3. Claims and transparency. Our "4.2x Sonnet-3.5 accuracy" is an initial estimate from a locally fine-tuned model. Actual results may vary - a small app might not see big improvements, but we believe larger, private enterprise projects could see significant gains. We plan to publish our fine-tuned model so others can verify the results.

4. Competition from LLM providers. Fine-tuning requires complex data cleanup and setup. Enterprise projects have fragmented data, making automation challenging for big providers like OpenAI.

Appreciate the feedback! If you want to chat more 1-1, happy to discuss at hi@finecodex.com Samat.

DataDaemon · 2025-01-02T13:06:07 1735823167

Maybe ask this model to create a better landing page?

samatdav · 2025-01-03T05:06:09 1735880769

Thank you, we will!:) This was a quick landing page for us to start the conversation and gather feedback. We are trying to make sure we are not building something that nobody needs.

pcwelder · 2025-01-02T13:01:43 1735822903

Was the comparison done with or without code context (as obtained using RAG or letting Sonnet ask for files)?

jeswin · 2025-01-02T13:05:24 1735823124

In the absense of other information, looks like a cherry-picked example to me.
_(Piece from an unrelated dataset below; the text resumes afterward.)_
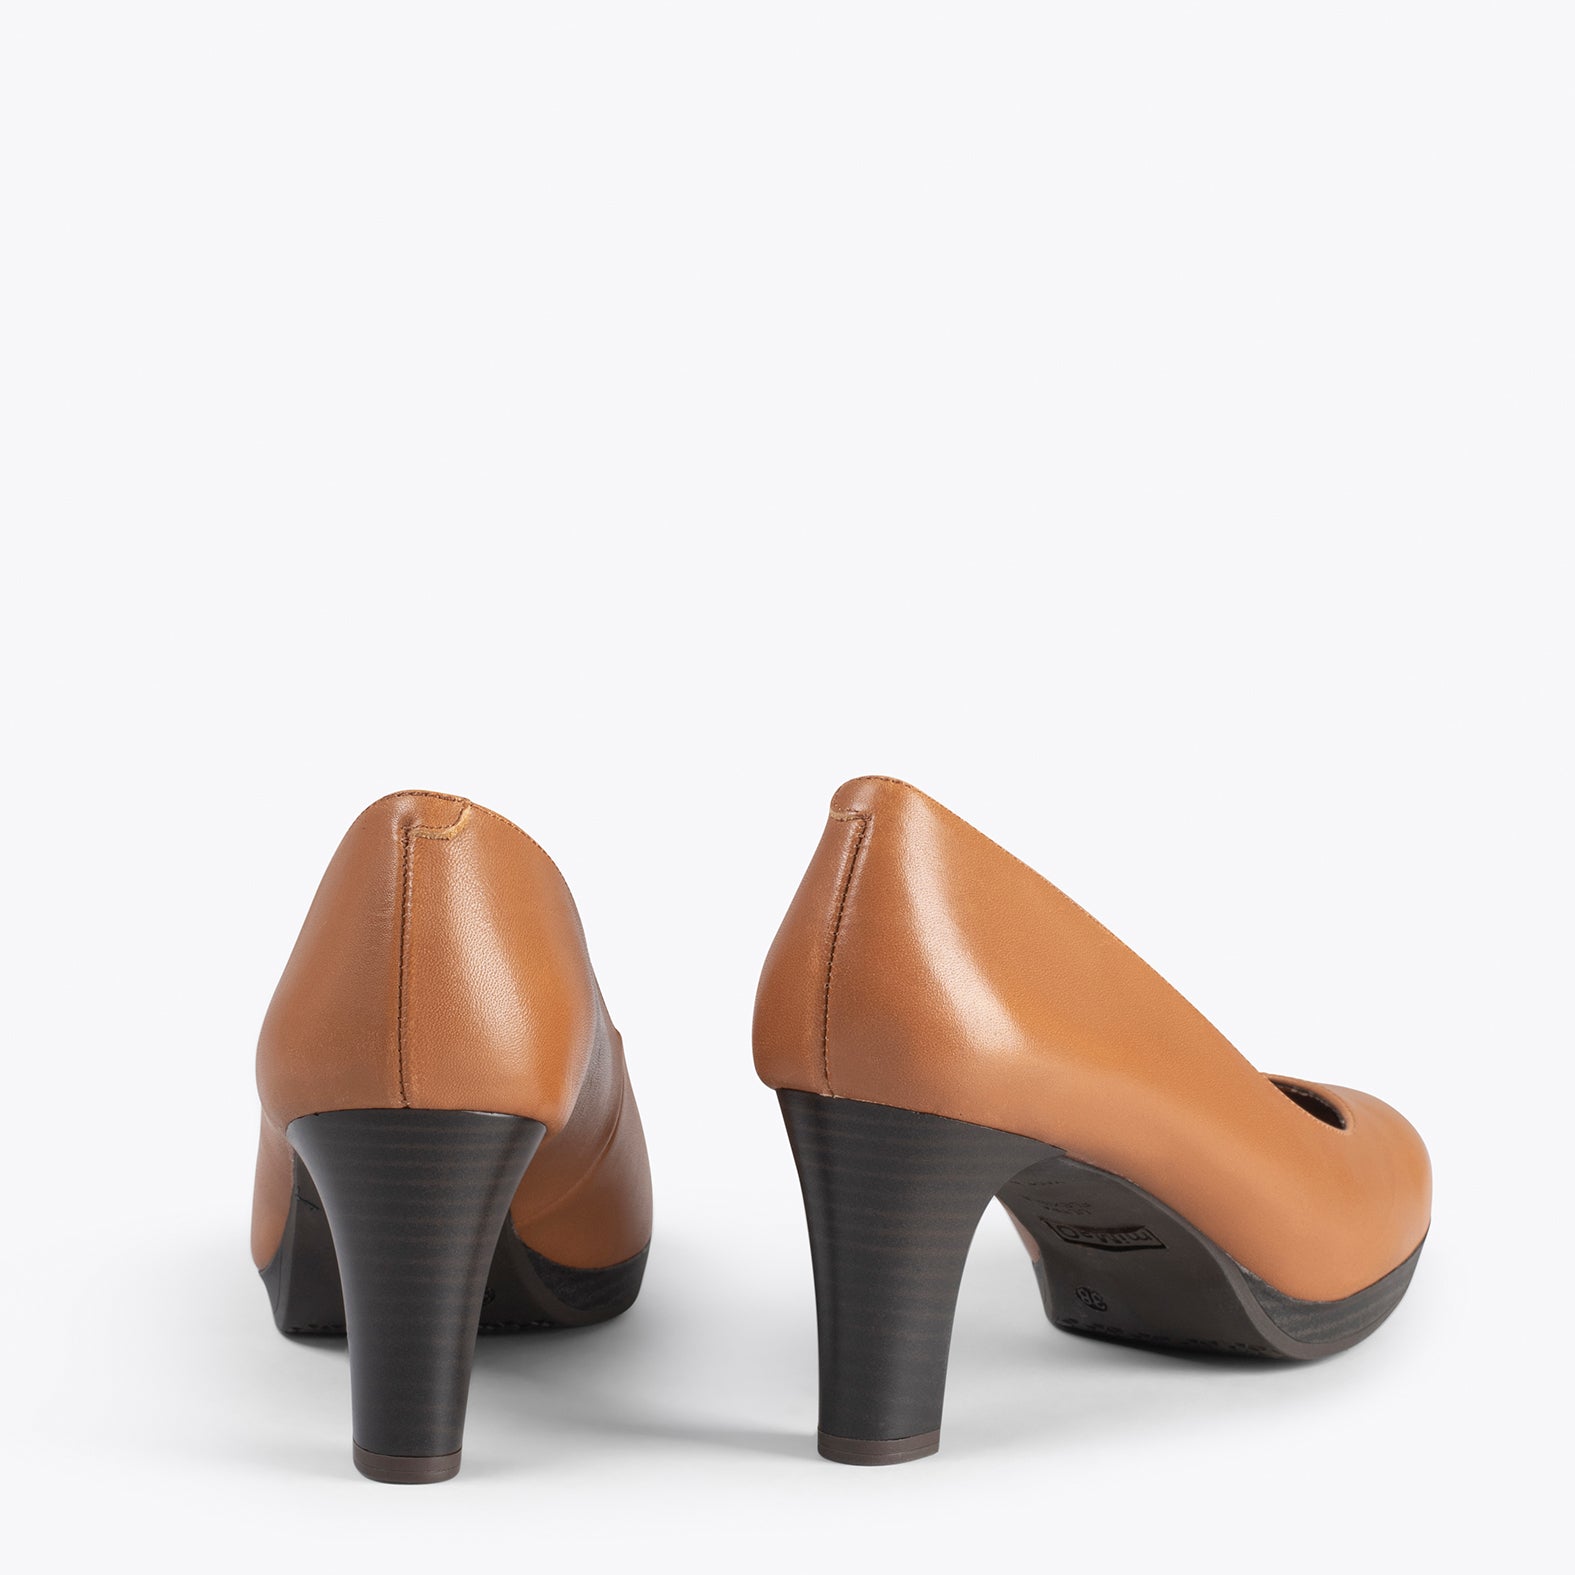 AZAFATA - Zapatos con tacón y plataforma MARRÓN

samatdav · 2025-01-03T05:05:15 1735880715

We used a single file for the context. It is a cherry-picked example, you are right. I wanted to demonstrate a simple visual change that our model did correctly unlike Sonnet-3.5. Since we are just getting started, we don't have many features like making changes across multiple files in the code editor so it would be harder to demo. Our premise is that a smaller fine-tuned works better than a large, general-purpose SOTA model. We plan to share more metrics and data in the future.

mrfinn · 2025-01-02T13:06:51 1735823211

2023: Our tiny model blah blah blah beats GPT4!

2024: Our tiny model blah blah blah beats Claude!

2025: Our tiny model blah blah blah beats ???

samatdav · 2025-01-03T05:10:26 1735881026

Haha, yes it is a pattern. However, the claim here is that "our tiny model beats best model" is applicable for highly specific tasks.

Bluestein · 2025-01-02T13:21:52 1735824112

... DeepSeek?

mentalgear · 2025-01-02T13:55:53 1735826153

I like it and it makes sense, but from a business perspective I wonder what keeps the upstream LLM providers (all trying to generate profits) from offering the same fine-tuning service quickly ?

Edit: OK, right it's olama, so I assume you can download your own model. (Assuming it's downloadable?)

I think openAI already offers fine-tuning with custom data for some of their models, but maybe not specific to coding tasks.

samatdav · 2025-01-03T05:08:32 1735880912

Yes, you can download and host the fine-tuned open-source model like Llama. The fine-tuning is easy once you have the data, but gathering and cleaning data is challenging. There are also optimizations like upsampling and distillation that could improve the quality of the resulting model. We had 40 engineers at the Asana AI org and never did the fine-tuning because it is not easy.

fovc · 2024-12-29T22:07:28 1735510048

Makes a ton of sense!

Is this for completions, patches, or new files?

samatdav · 2024-12-30T01:04:31 1735520671

Hi! Currently we generate a whole diff (like cmd+shift+k in Cursor). But plan to add there rest soon!:)

flakiness · 2025-01-02T14:24:20 1735827860

The page lacks details. The details are only in the YouTube video apparently? Please.